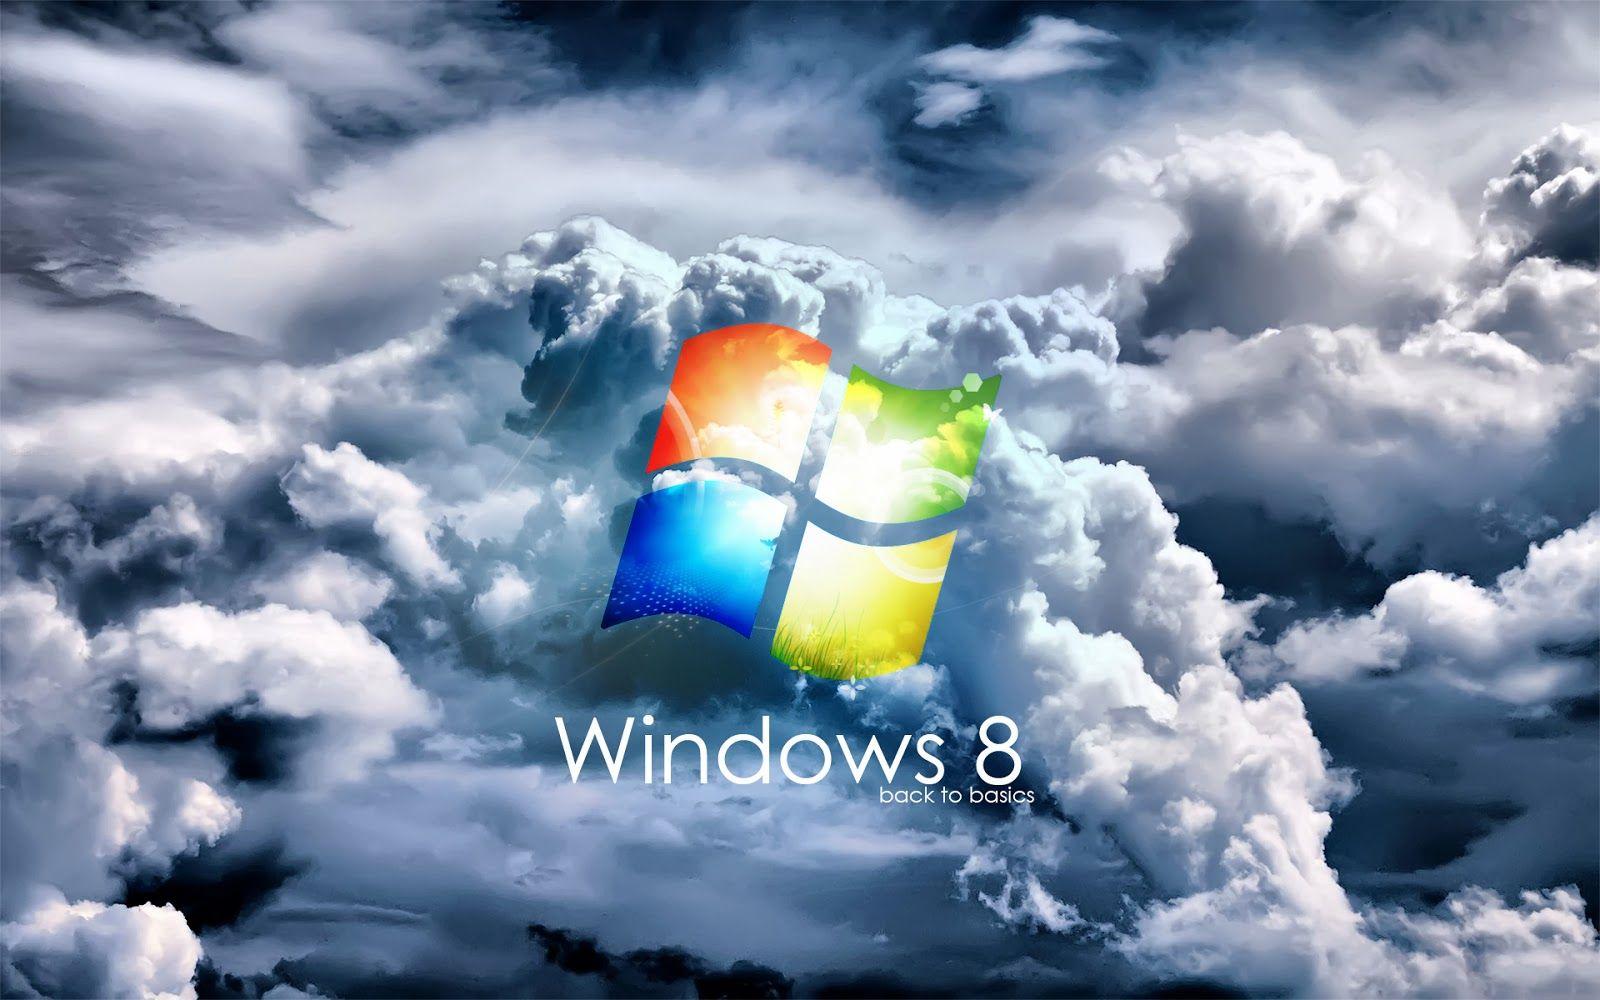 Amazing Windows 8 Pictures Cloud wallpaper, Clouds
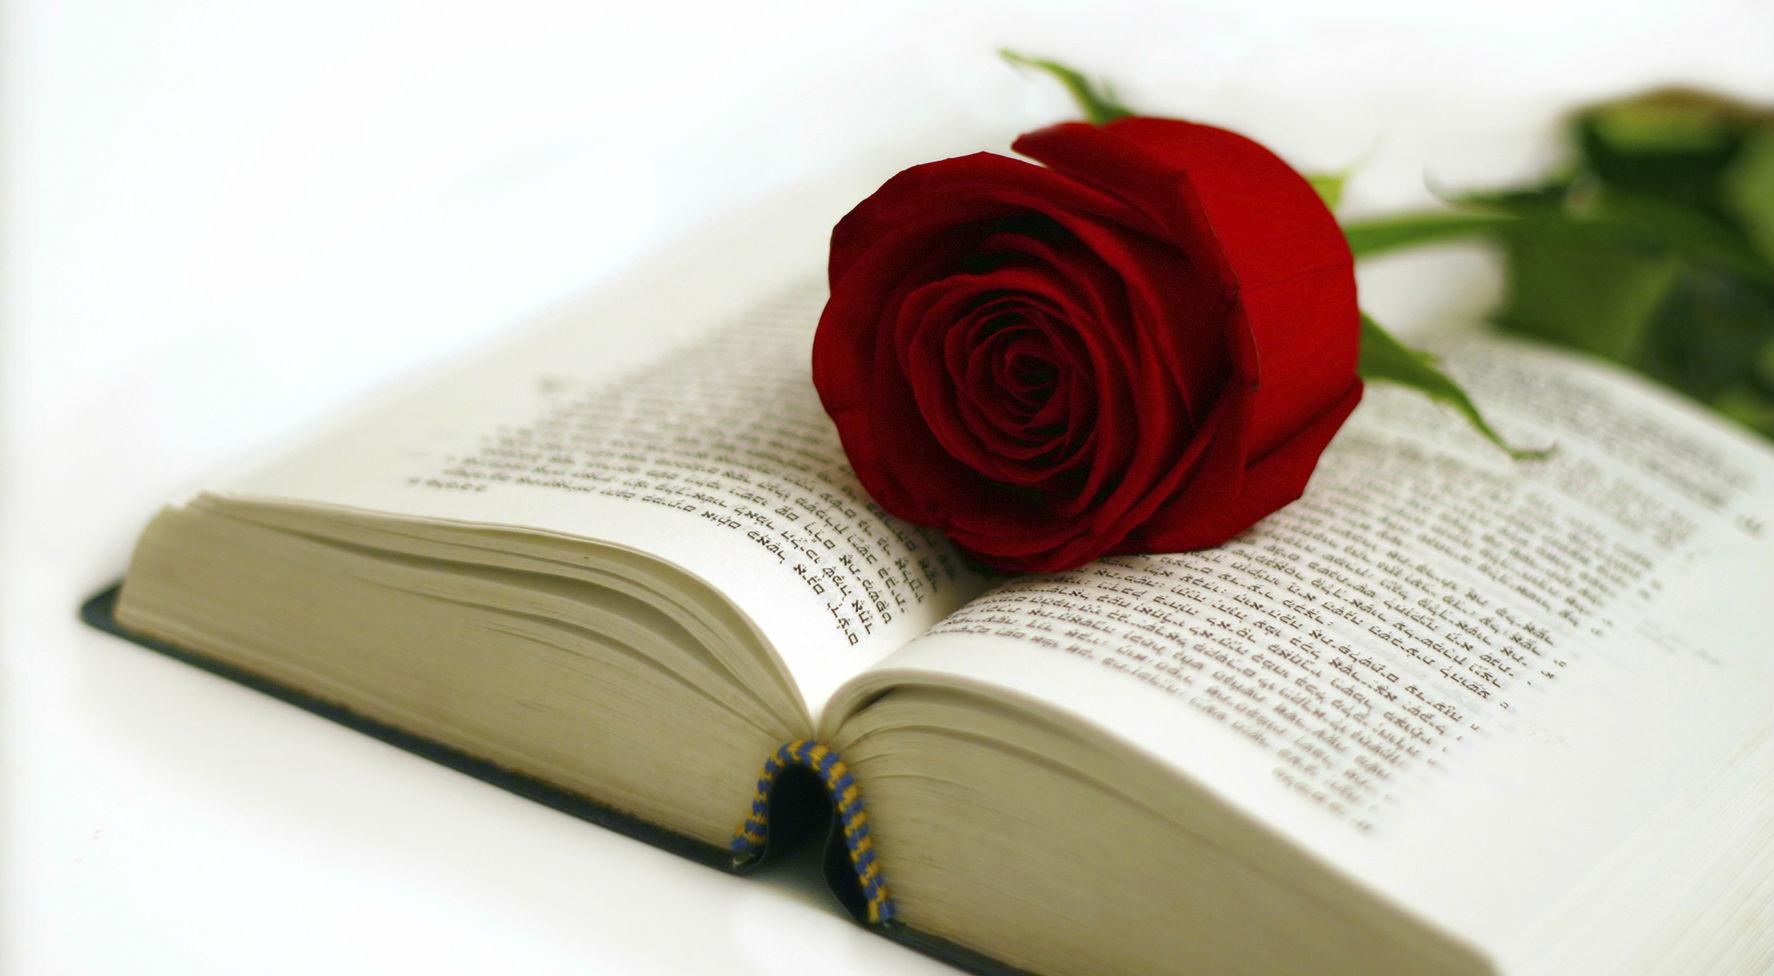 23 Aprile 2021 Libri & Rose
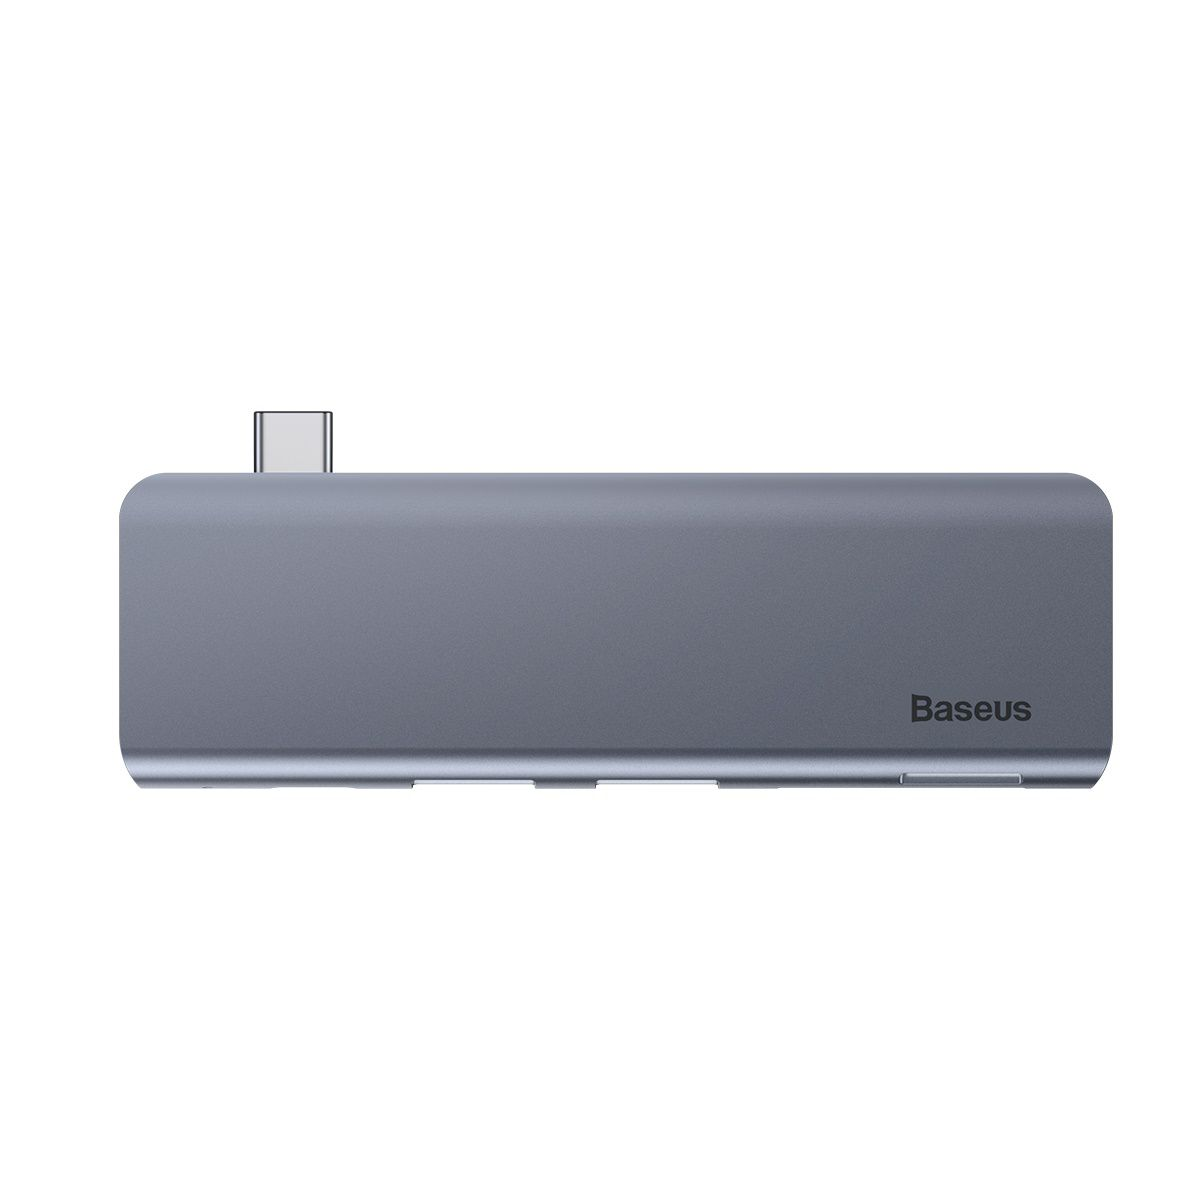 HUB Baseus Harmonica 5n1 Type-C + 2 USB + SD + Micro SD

────────────────

## WHAT IS NEEDED
All of the data must be given again exactly, without the pictures.

## TASK ANSWER
 Amazing Windows 8 Pictures Cloud wallpaper, Clouds
 23 Aprile 2021 Libri & Rose
 HUB Baseus Harmonica 5n1 Type-C + 2 USB + SD + Micro SD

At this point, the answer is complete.